For Sellers: 4-Step Valuation Walkthrough

  1. 1

    Compile three years of P&L statements and tax returns that reconcile line by line — SBA lenders and institutional buyers both require this, and any unexplained gap triggers diligence delays or price renegotiation.

  2. 2

    Build a normalized EBITDA schedule with every add-back documented: owner W-2 above a market-rate manager salary, personal expenses, one-time items, and non-recurring costs. Undocumented add-backs get cut.

  3. 3

    Address your medicare/medicaid compliance history before going to market — this is the most common reason Home Medical Equipment businesses receive offers at the low end of the 2.5x–5.5x range. Buyers identify it in diligence and reprice accordingly.

  4. 4

    Quantify and document your recurring rental revenue mix with supporting records: contracts, renewal histories, and client revenue breakdowns. This is the primary evidence for commanding a premium multiple — have it ready before the first buyer call.
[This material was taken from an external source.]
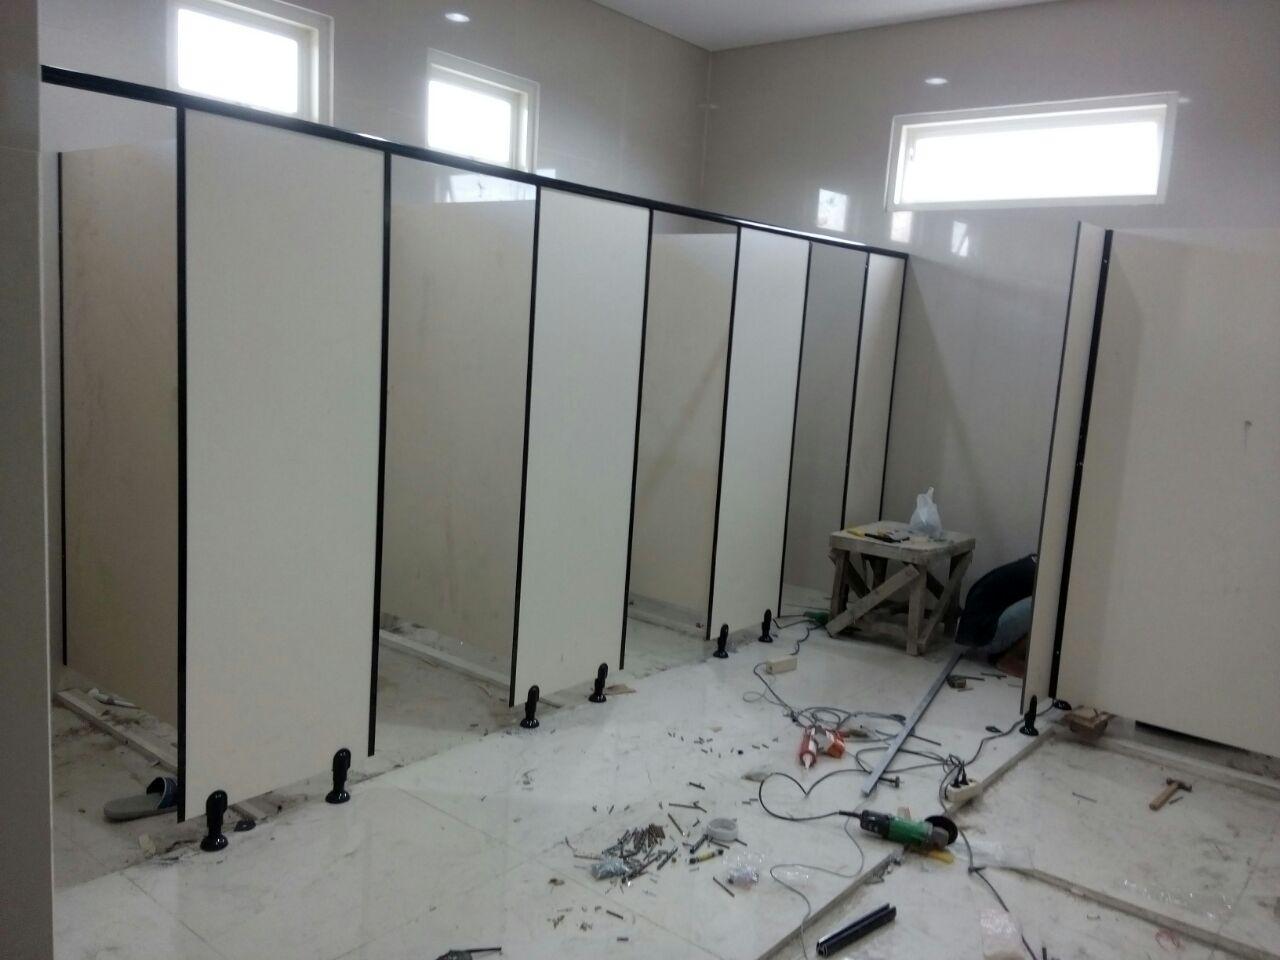 ToiletcubicleuntukSMAMuhammadiyah10-4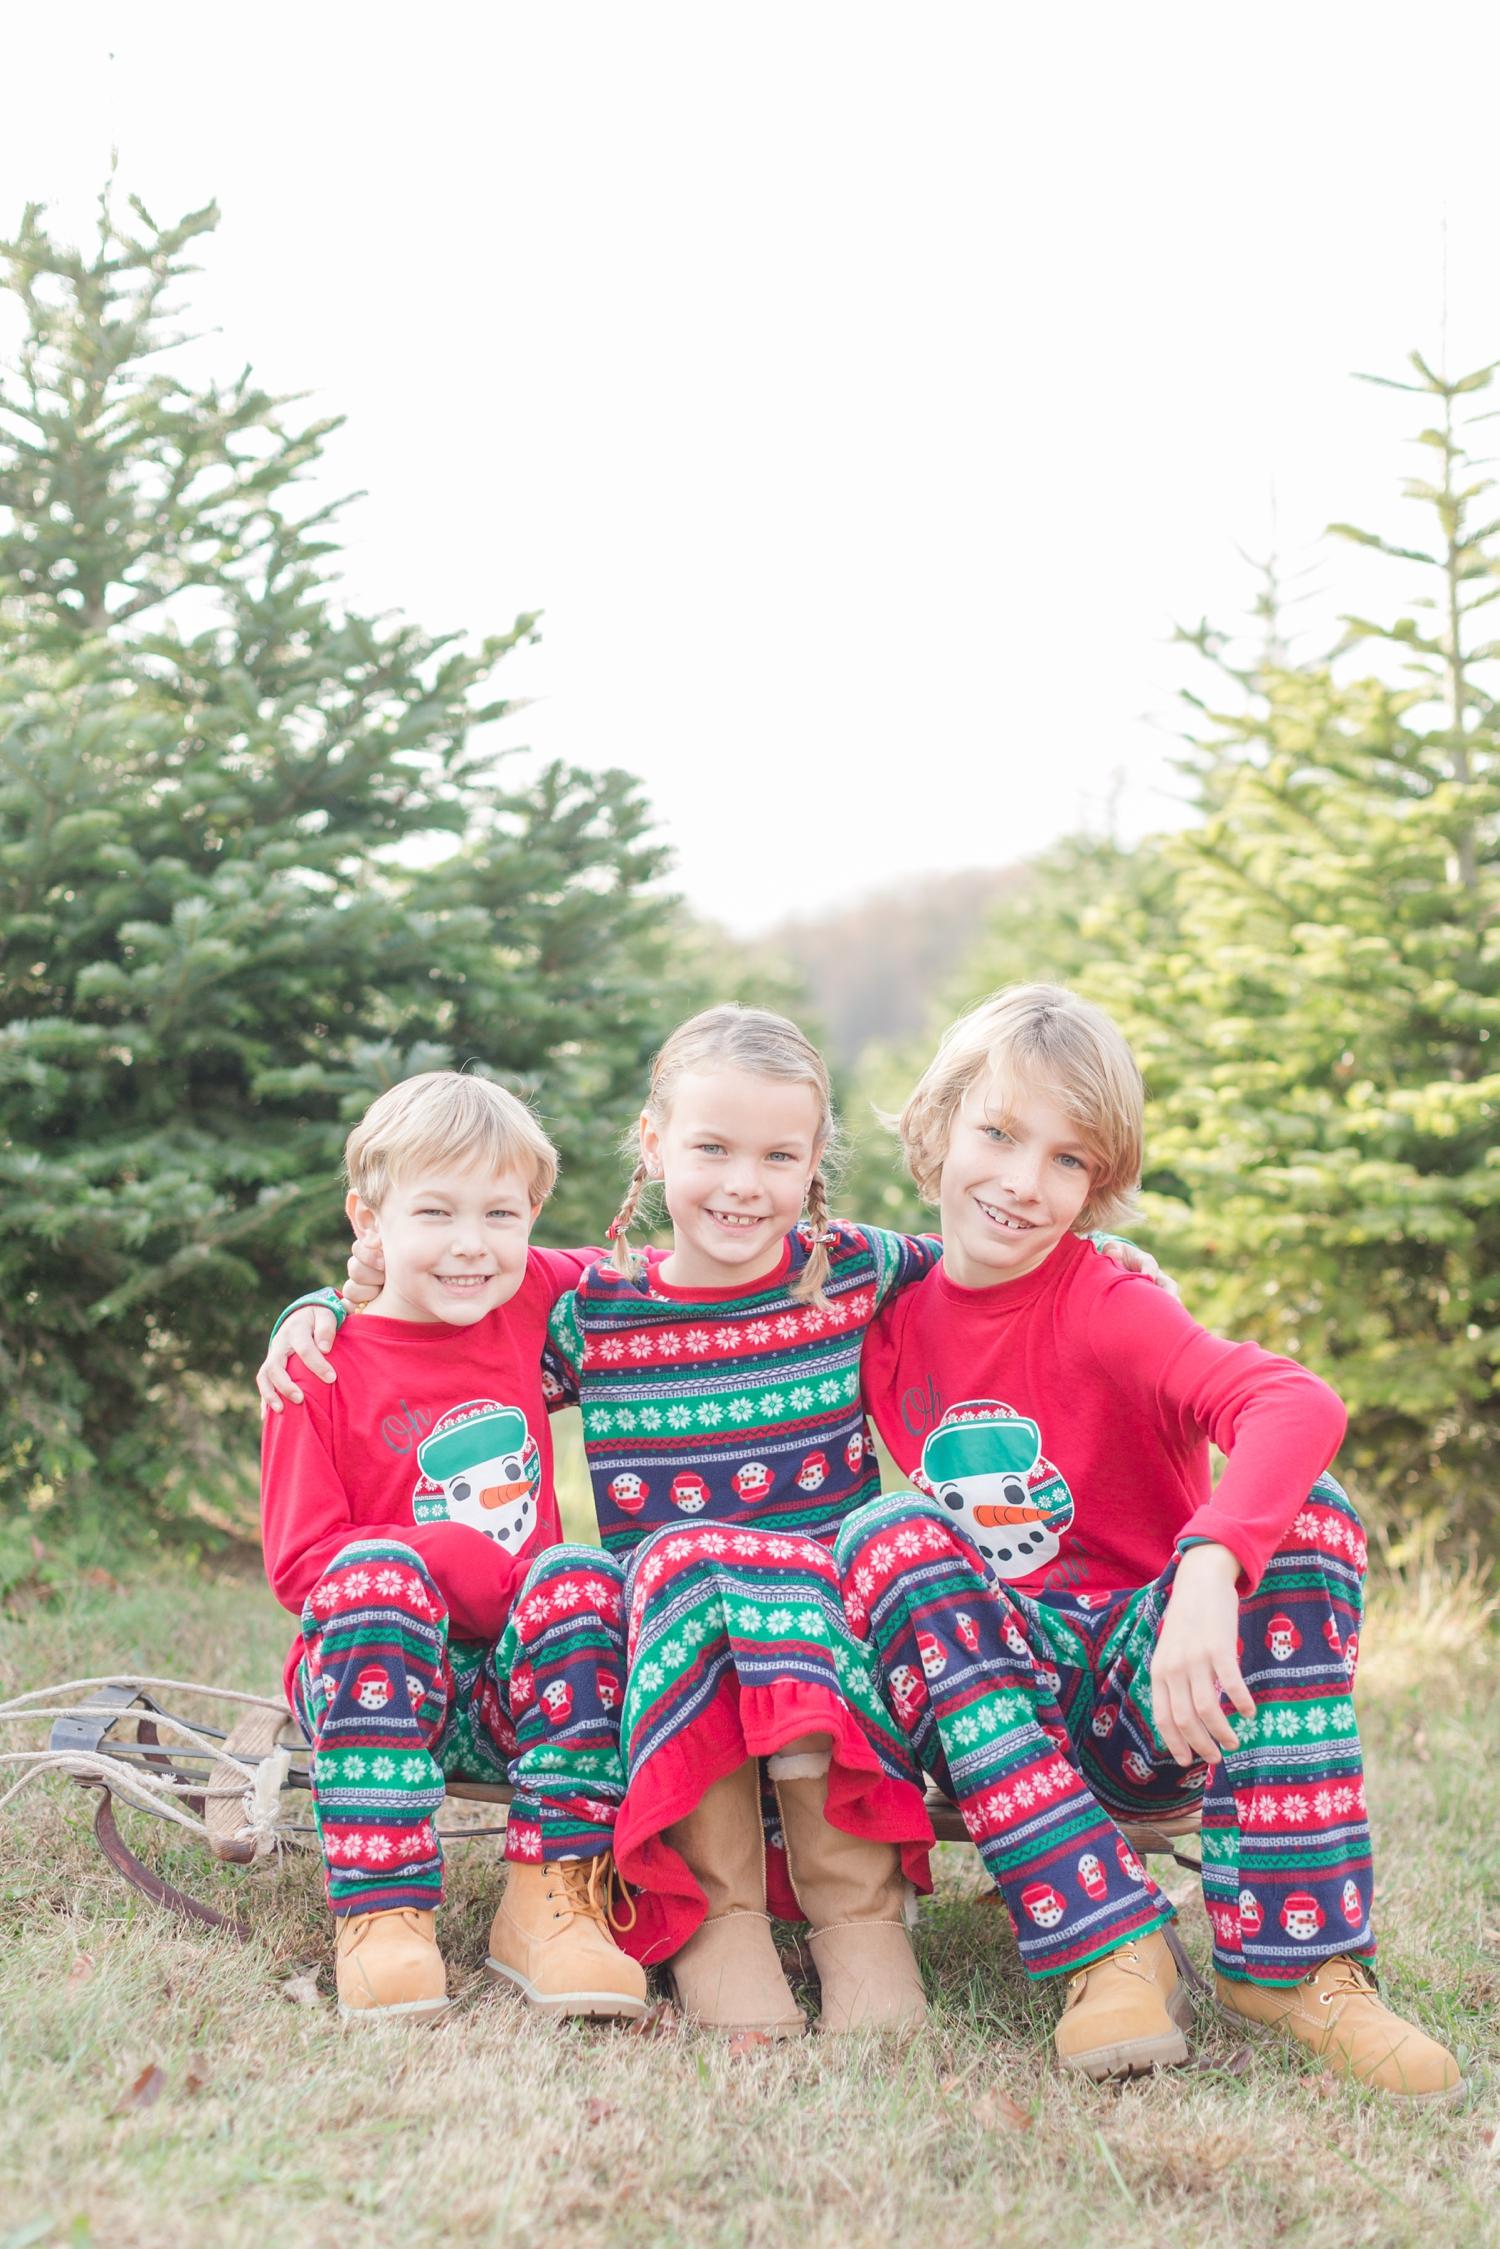 Golembiesky Family 2017-2_ruhl-tree-farm-baltimore-maryland-family-photography-anna-grace-photography-photo.jpg

For Buyers: Validate the Asking Multiple

  1. 1

    Request trailing 12-month and 3-year P&L with bank statement backup before making an offer. If a Home Medical Equipment seller cannot produce reconciled financials, that signals what the full diligence process will look like.

  2. 2

    Verify the recurring rental revenue mix claims independently — pull contract copies, renewal documentation, and client-level revenue data. This is the primary driver of whether this Home Medical Equipment is worth 5.5x or 2.5x.

  3. 3

    Assess medicare/medicaid compliance history directly: ask which revenue or client relationships depend on the current owner personally, and what the transition plan is. An exit-ready seller has already worked through this.

  4. 4

    Model your SBA debt service against verified EBITDA before signing the LOI. At current rates, a $1M SBA 7(a) loan runs approximately $13,000/month over 10 years — the business needs at least 1.25x debt service coverage after a market-rate manager salary.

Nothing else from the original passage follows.